The synthesized nanocomposites of composition, Fe3O4, CoFe2O4 and CoFe2O4/PEI, were tested in the oxidation reaction of phenol with oxygen (Cphenol = 0.003 mol/L) [45]. The UV spectrum of the sample during the reaction and the IR spectra of phenol and reaction products after oxidation with oxygen showed a favorable prognosis for the use of such catalysts in the production of oxygen-containing compounds using the catalytic reaction of oxidation with oxygen.
Catalysts with a composition of Fe3O4/chitosan and Fe3O4/PVP were also used for the oxidation of phenol with oxygen.
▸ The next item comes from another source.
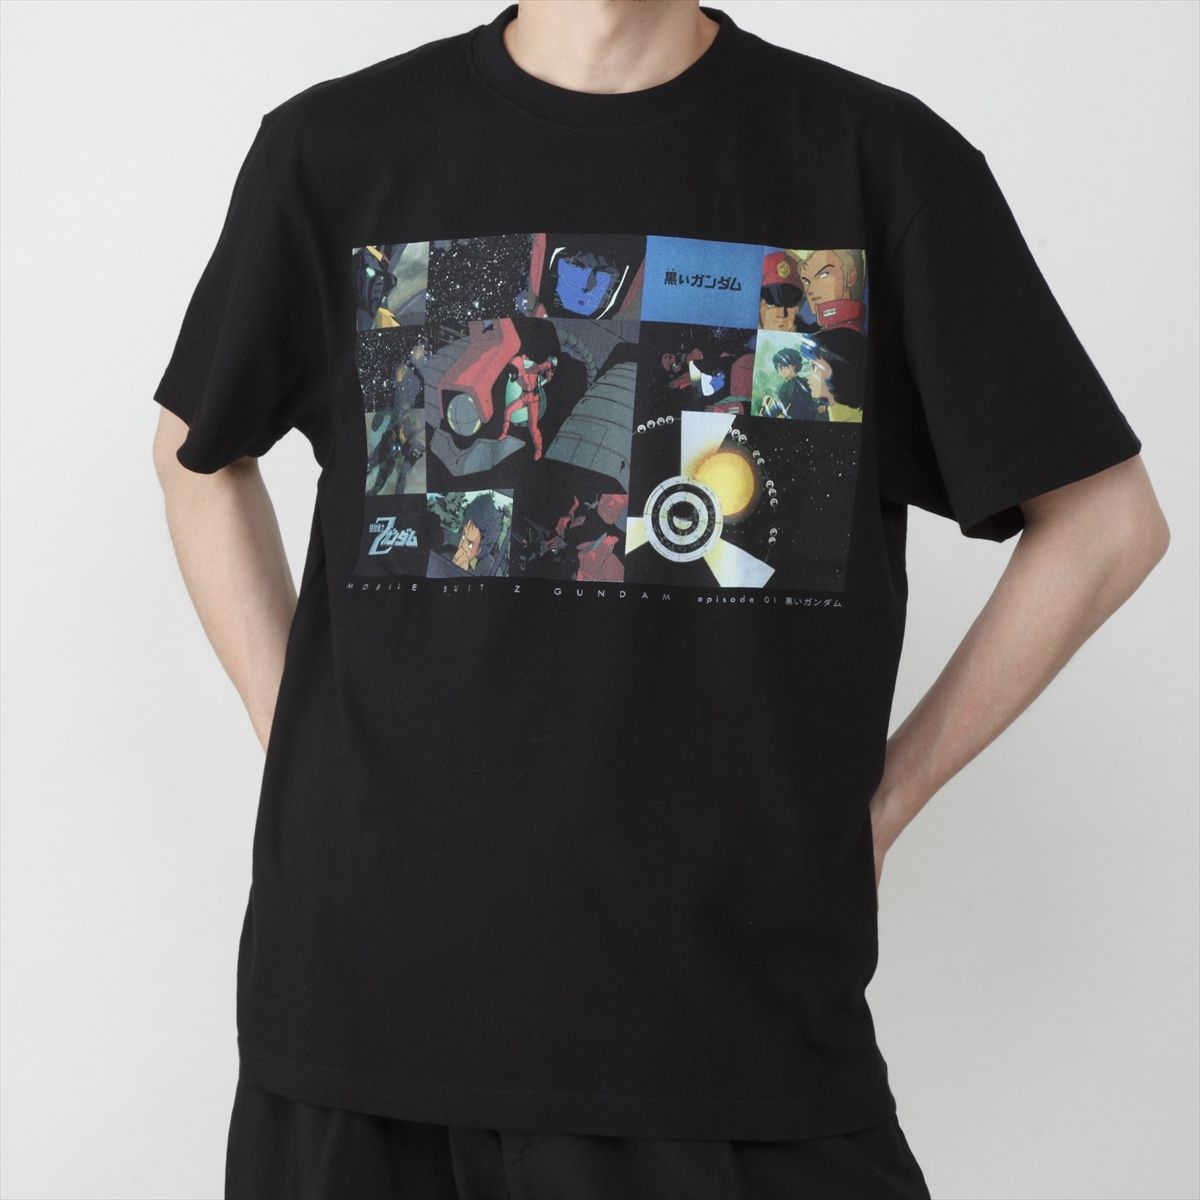 The Black Gundam T-shirt—Mobile Suit Zeta Gundam

Figure 18 shows typical conversion curves for the oxidation of phenol with oxygen, in the coordinates WO2 = f(QO2). W is oxygen absorption rate in mol/L × min; Q is amount of absorbed O2, mol/L. The initial rate of phenol oxidation on Fe3O4/chitosan was approximately one order of magnitude higher than on Fe3O4/PVP.
Figure 19 shows the absorption spectra of the original solution of phenol (0.01 mol/L). In the wavelength range 190–320 nm, there is an absorption band of phenol at 209 nm and 275 nm. By the decrease in optical density D at a given wavelength and the appearance of an absorption band at a wavelength of 240–245 nm, as well as a weak band at 435 nm, characteristic of benzoquinone, one can judge the decrease in the phenol content in the solution as a result of its oxidation to benzoquinone. Additional absorption bands that could correspond to possible intermediate products of phenol degradation, such as pyrocatechin, hydroquinone, and quinone, were not detected on the spectrum. This fact is confirmed by the IR spectrum data of the product. In the IR spectrum of the reaction product, absorption bands were observed in the region of 1630–1644 cm−1, indicating the presence of a C=O bond characteristic of p-benzoquinone.
According to the preliminary data, the most efficient oxidation of phenol occurs on Fe3O4/chitosan, with the phenol conversion being 55–60%. This research will continue.

4. Conclusions

Sorbents and catalysts based on magnetic nanoparticles are widely used in medicine, chemistry, physics, ecology, and electronics, and are described in detail by various scientific schools. A promising direction is the synthesis and application of magnetic nanoparticles stabilized by modifiers: polymers of natural and artificial origin. Such nanocomposites with catalytic properties make it possible to carry out the process of hydrocarbon oxidation under mild conditions in the liquid phase. In this research, the polymers chitosan, polyvinylpyrrolidone (PVP), and polyethyleneimine (PEI) were used as a stabilizer of nanoparticles of Fe and Co. The synthesized catalysts were investigated by a complex of physicochemical studies. The data of the SEM analysis have shown that polymers form composites together with the metal nanocrystals. The samples of the catalysts tested in the reaction of phenol oxidation with oxygen demonstrated good activity.

Author Contributions

Conceptualization, B.T.D. and L.R.S.; methodology, B.T.D. and T.V.S.; software, L.R.S., M.S.I., A.R.S., A.A.B. and B.B.B.; validation, B.T.D., L.R.S., M.S.I. and Z.M.Z.; formal analysis, B.T.D., L.R.S., A.R.S., A.A.B., U.N.D. and B.B.B.; investigation, M.S.I., U.N.D., B.T.D., L.R.S., A.R.S., A.A.B. and B.B.B.; resources, T.V.S. and B.T.D.; data curation, T.V.S. and B.T.D.; writing—original draft preparation, B.T.D. and L.R.S.; writing—review and editing, L.R.S. and B.T.D.; visualization, T.V.S. and Z.M.Z.; supervision, T.V.S., B.T.D. and L.R.S.; project administration, T.V.S.; funding acquisition, T.V.S. and B.T.D. All authors have read and agreed to the published version of the manuscript.

Funding

This research was funded by the Science Committee of the Ministry of Education and Science of the Republic of Kazakhstan, grant No. AP14870308 “Development of technology for catalytic petrochemical synthesis of oxygen-containing compounds from aromatic hydrocarbons in the presence of nanoscale magnetic composites”.

Data Availability Statement

Data are contained within the article.

Conflicts of Interest

The authors declare no conflict of interest.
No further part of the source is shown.